Maese Antonio. contentísimo, se apresuró a coger aquel leño que le había hecho pasar tan mal rato. Pero. cuando iba a entregárselo a su amigo dio el leño una fuerte sacudida y se le escapó de las manos, yendo a dar un palo tremendo en las esmirriadas pantorrillas del compadre Goro.
—¡Ay! ¿Tan amablelnente regala usted las cosas, maese Antonio? ¡Por poco me deja usted cojo!
—¡Pero si no he sido yo!
—¡Y dale! ¡Habré sido yo entonces!
—¡No, si la culpa la tiene este demonio de leño!

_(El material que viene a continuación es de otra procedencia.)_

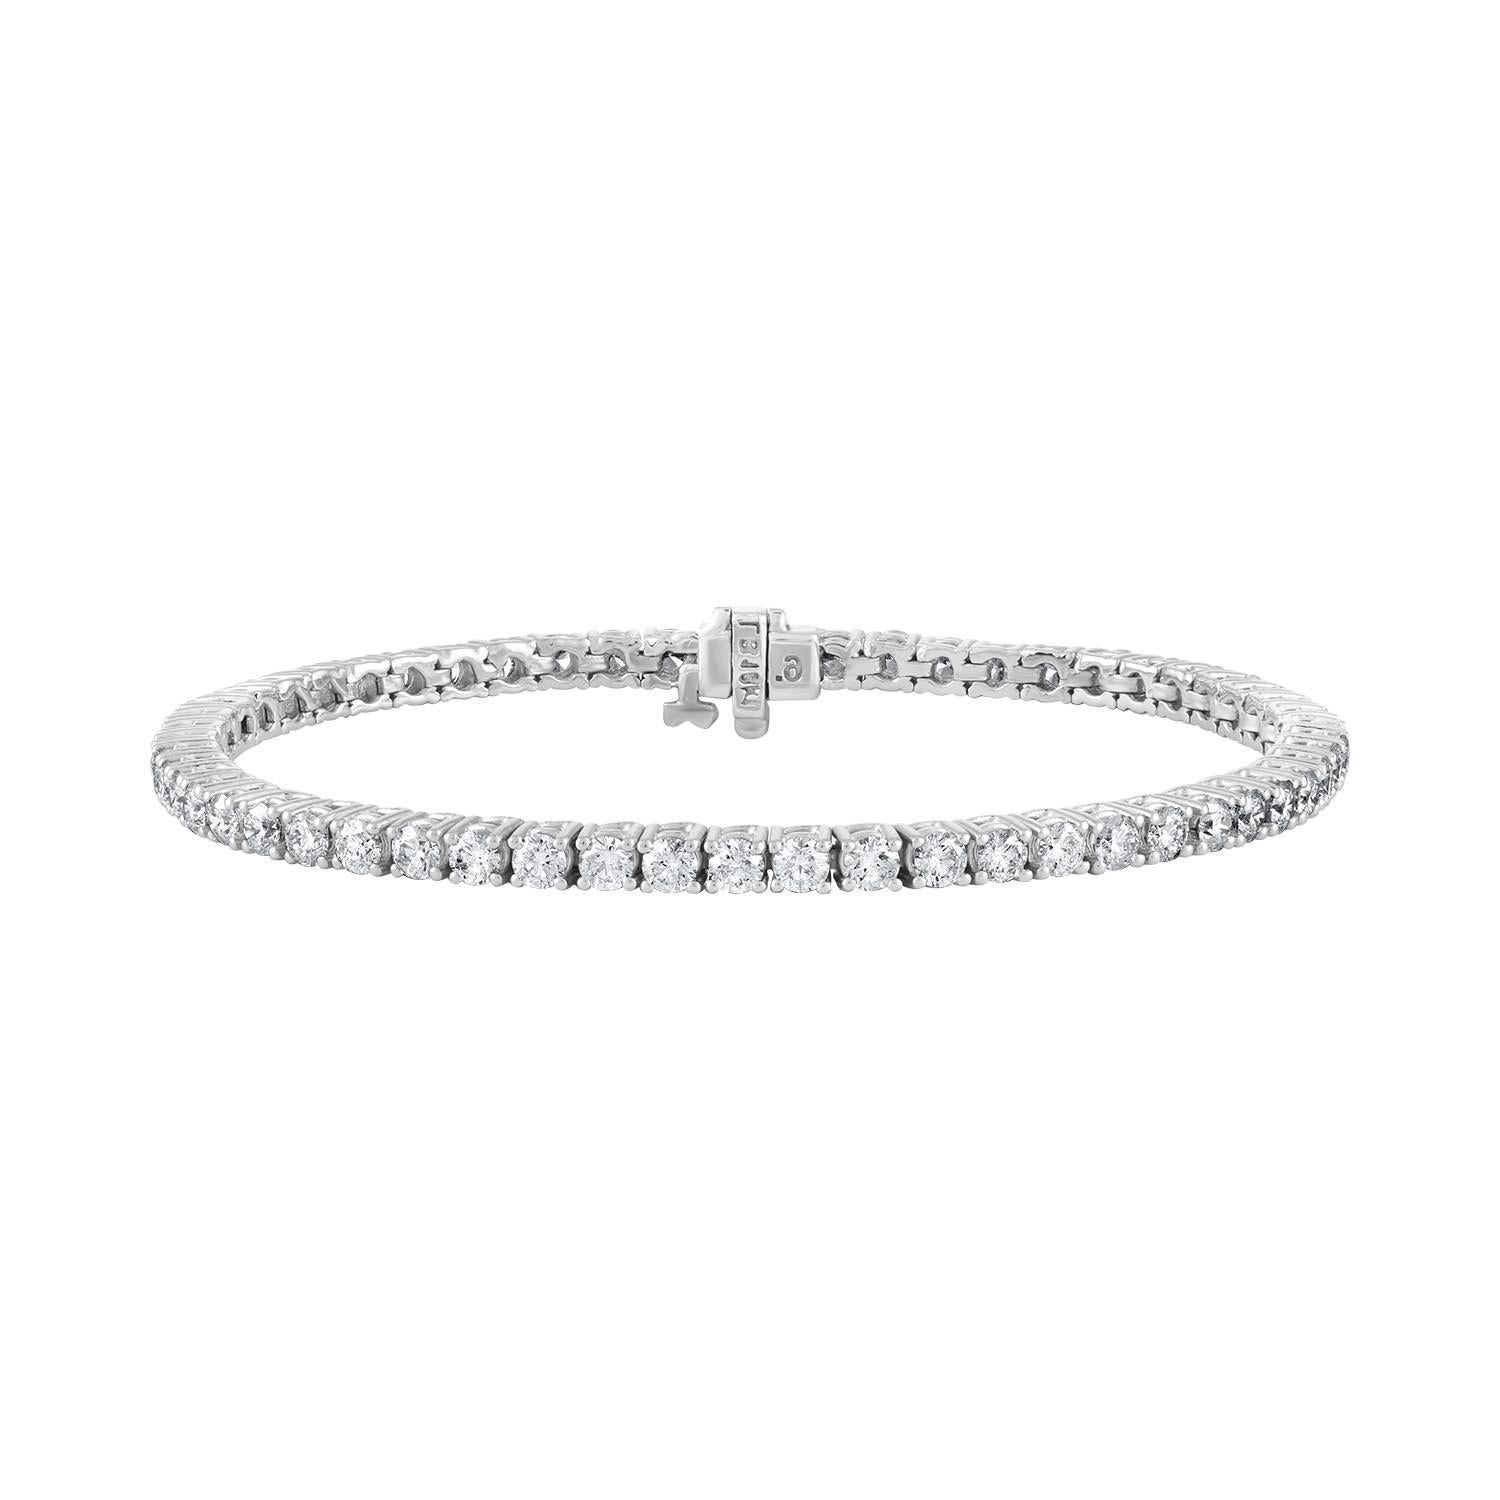 Custom 14kt white gold tennis bracelet 2.00 cts of round diamonds in a 4 prong setting 96 stones  0.02 stone FG color SI clarity. Excellent Cut.

—Ya lo sé que ha sido el leño; pero, ¿quien me lo ha tirado a las piernas, sino usted?
—Le digo a usted que yo no lo he tirado.
—¡Embustero!
—¡Goro, no me insulte usted, o le llamo Fideos!
—¡Borrico!
—¡Fideos!
—¡Hipopótamo!
—¡Fideos!
—¡Orangután!
—¡Fideos!
Al oírse llamar fideos por tercera vez perdió Goro los estribos, se arrojó sobre el carpintero, y de nuevo se obsequiaron con una colección de coscorrones, pellizcos y arañazos.
Al terminar la batalla maese Antonio se encontró con dos arañazos más en la nariz, y Goro con dos botones menos en el chaleco. Arregladas así sus cuentas, se estrecharon las manos y otra vez se ofrecieron indestructible amistad para toda la vida.
Hecho lo cual, Goro tomó bajo el brazo el famoso leño, y dando las gracias a maese Antonio, se marchó cojeando a su casa.